Friday, 14 January 2011

Myth of The Two St Helena's

My previous blog raised the issue of the myth of the two St Helena's. There seems to be two schools of thought - 1) that the depiction of two islands on the early charts was the inevitable result of inaccurate measurement of longitude. 2) that the island(s) charted were in fact large rock formations a few metres below sea level which at times would have been visible to early sailors.
I have no claims to expertise on this, but have been forwarded this reference which is I think worth perusing by anyone who is interested.

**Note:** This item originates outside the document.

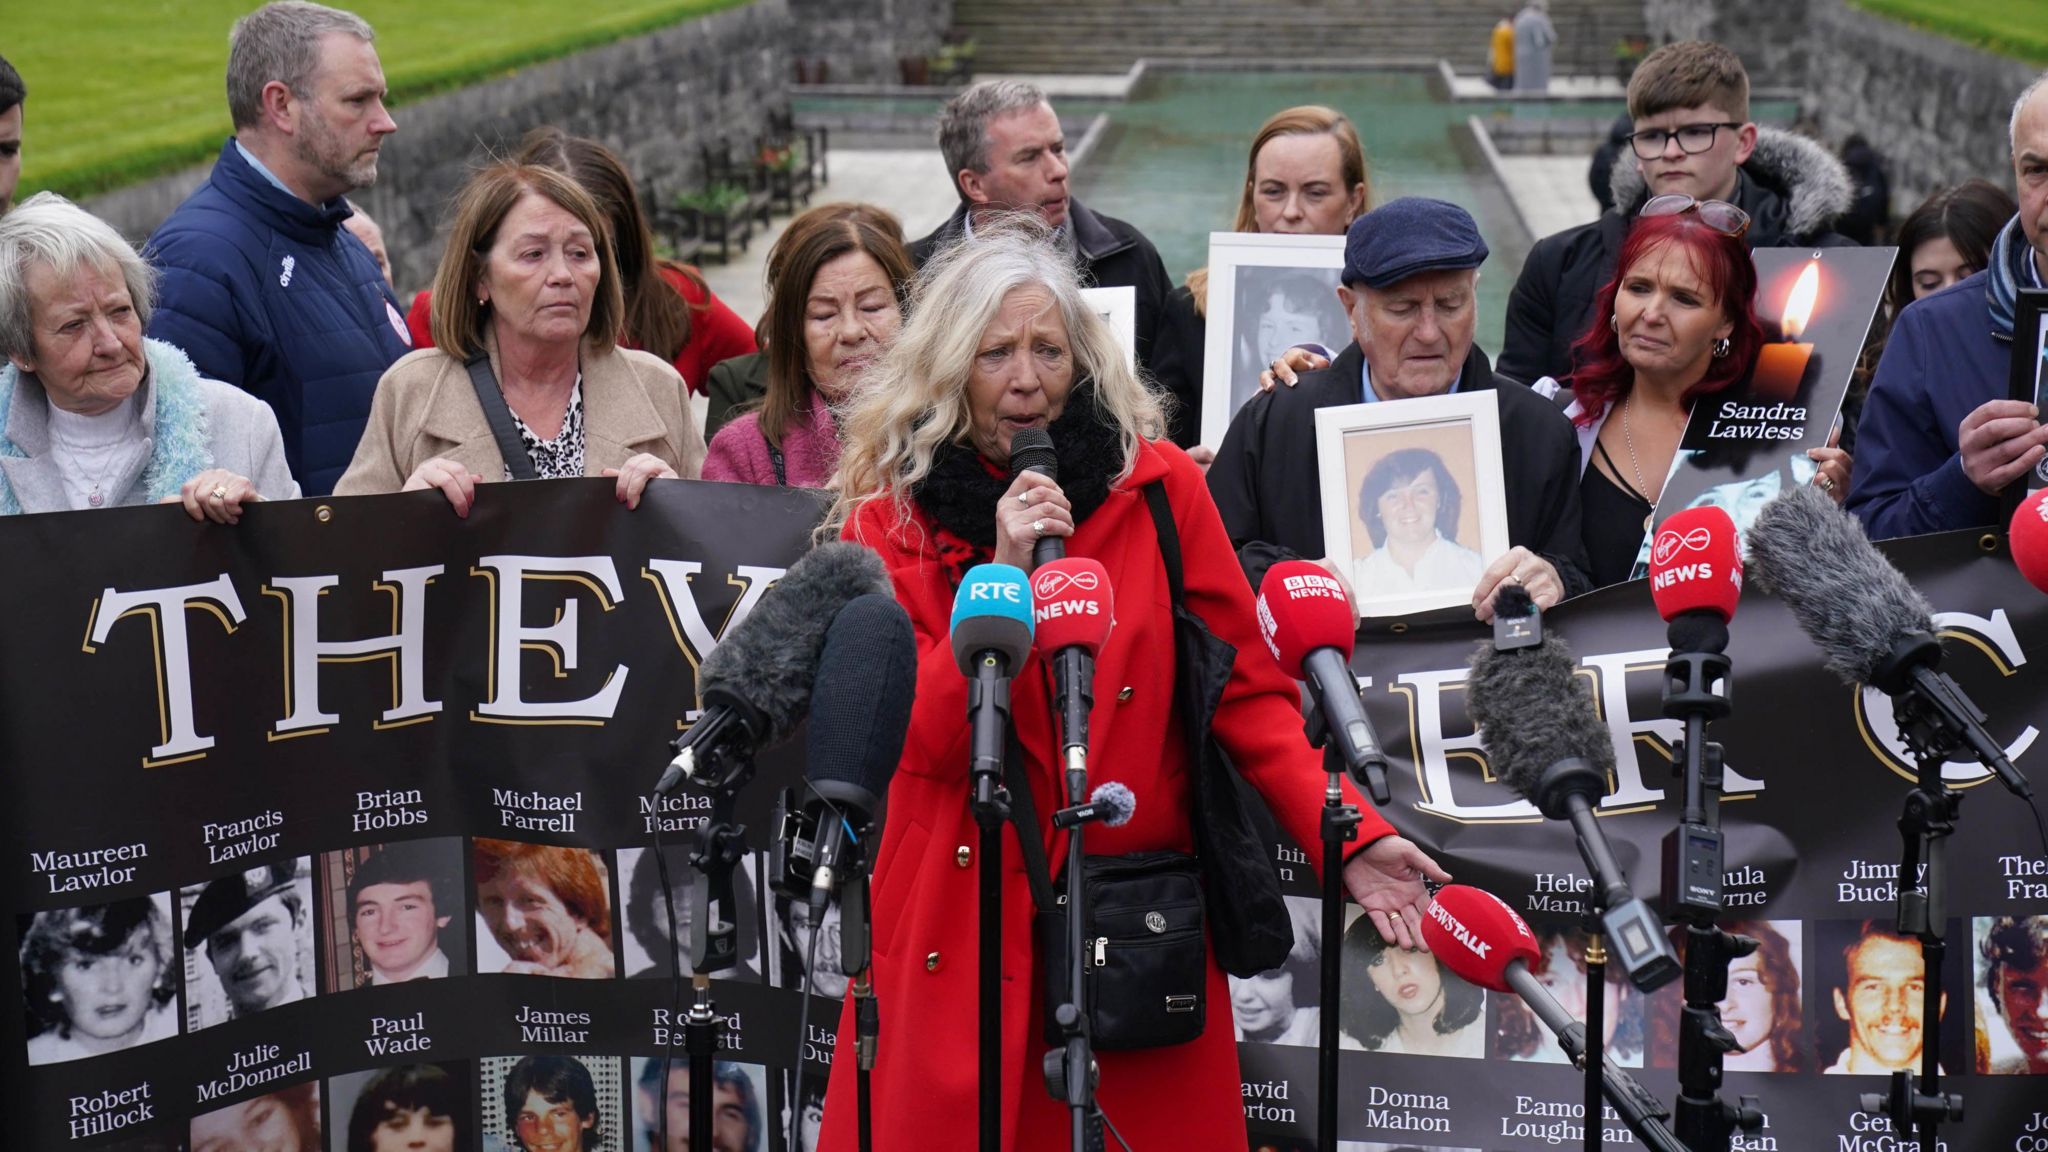 Stardust survivor Antoinette Keegan, who lost her two sisters Mary and Martina, speaking to the media in front of survivors, family members and supporters in the Garden of Remembrance in Dublin

The origin of the myth of New St. Helena is unclear. Supposedly located east of St. Helena at approximately 16½°S 4°E, New St. Helena was coveted and sought for by the Dutch after they relinquished St. Helena for the Cape. New St. Helena is marked on the Universal Hydrographic Chart of Jean Guérard, 1634 and on Jansson's 1646 chart of the South Atlantic Mar di Æthiopia Vulgo Oceanus Æthiopicus (part of this chart is illustrated above) from Volume V of the Novus Atlas. Although New St. Helena continued to be marked on maps and charts to as late as 1803 (the map of Africa by Rochette), it appeared with decreasing frequency through the 1700s. The disappearance of New St. Helena could be very rapid; a 1713 map of Africa by Aa shows the island but it was removed from a subsequent map of Africa by Aa published just one year later.